● **WHAT TO DO**: Each line below should be repeated exactly, but no picture should be carried over.

● **DATA PROVIDED**:
---
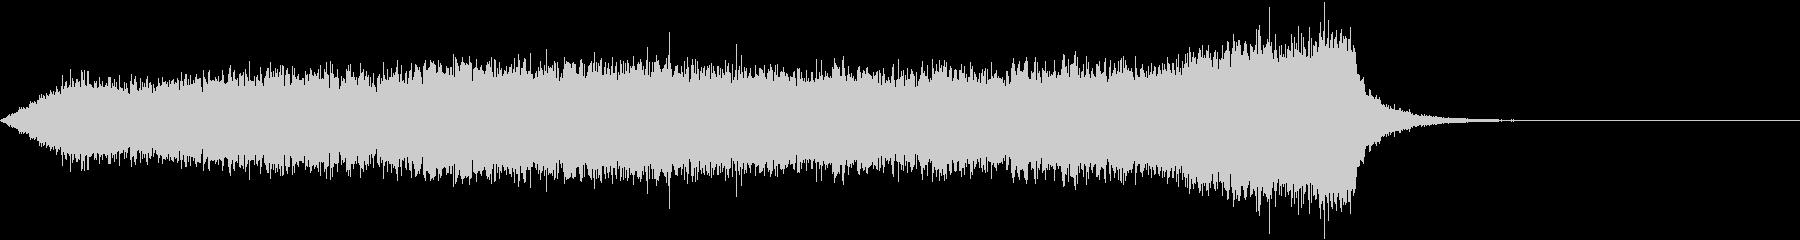 CINEMATIC RISER_03の未再生の波形
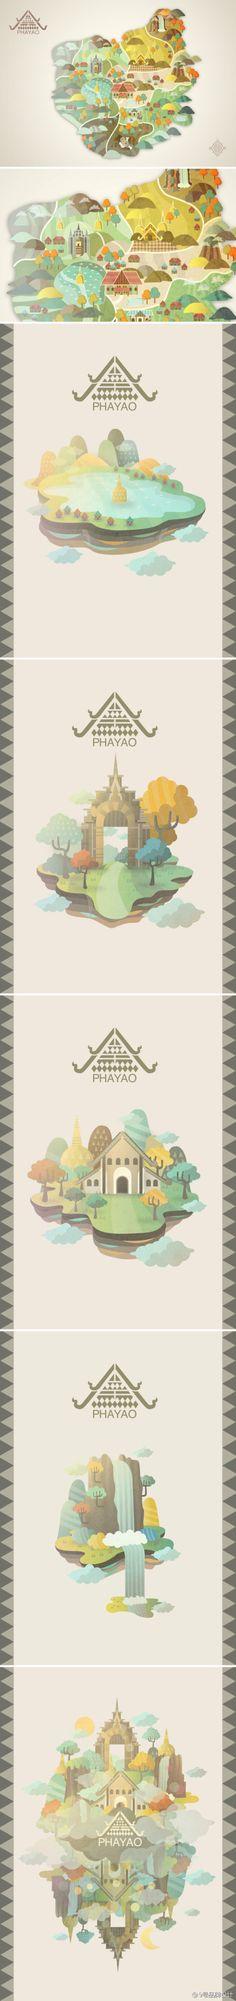 ideas camping illustration graphics behance for 2019 Illustration Design Graphique, Digital Illustration, Graphic Illustration, Graphic Art, Garden Illustration, Travel Illustration, Game Design, Web Design, Dm Poster
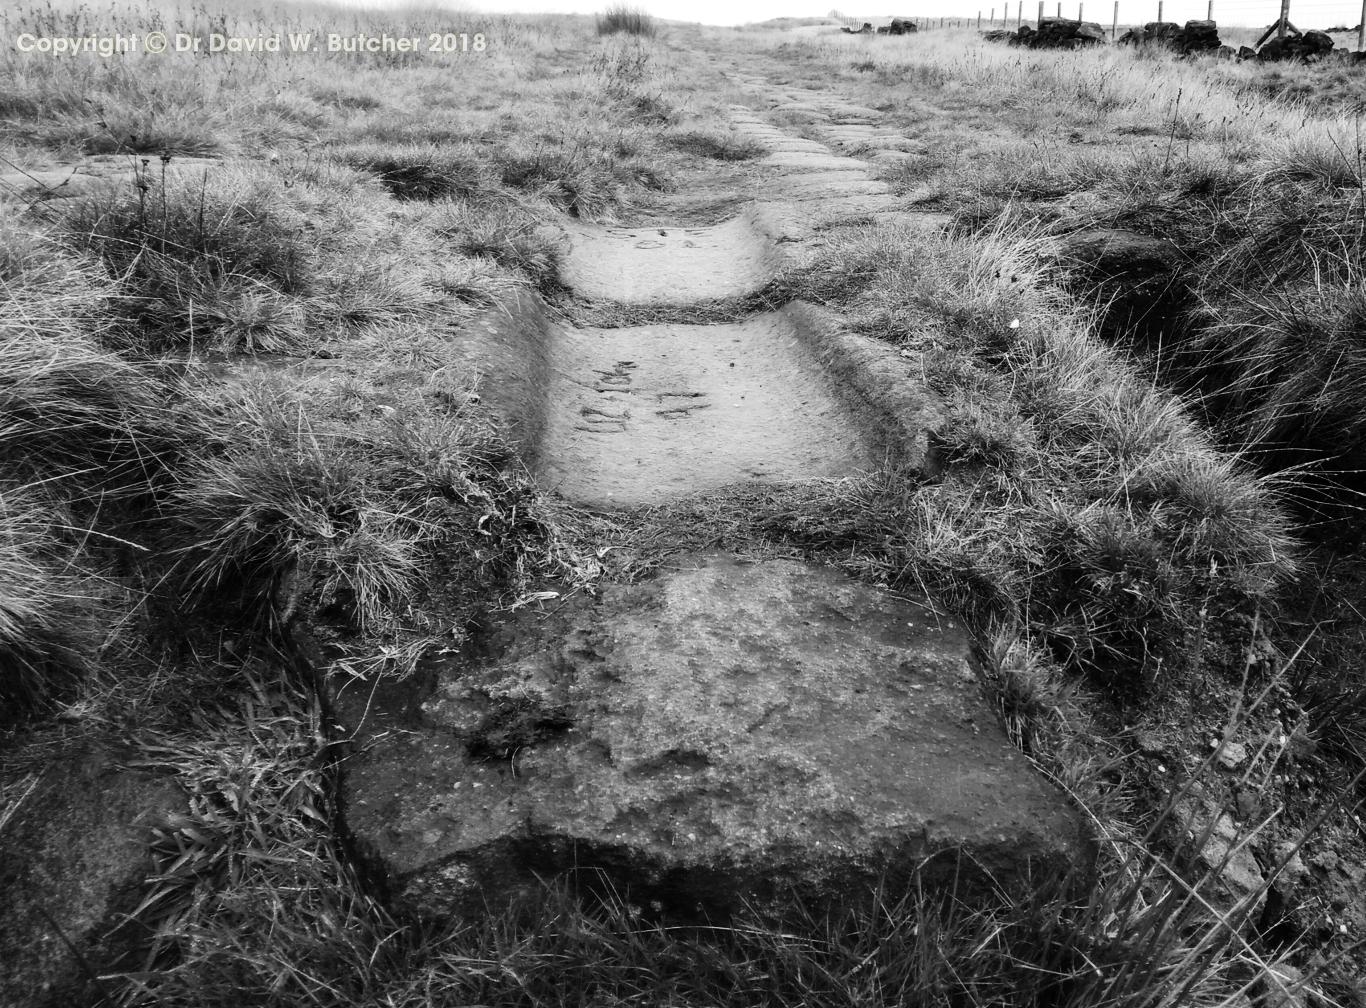 Blackstone Edge Roman Road near Littleborough
---
● **TASK OUTPUT**:
 CINEMATIC RISER_03の未再生の波形
 ideas camping illustration graphics behance for 2019 Illustration Design Graphique, Digital Illustration, Graphic Illustration, Graphic Art, Garden Illustration, Travel Illustration, Game Design, Web Design, Dm Poster
 Blackstone Edge Roman Road near Littleborough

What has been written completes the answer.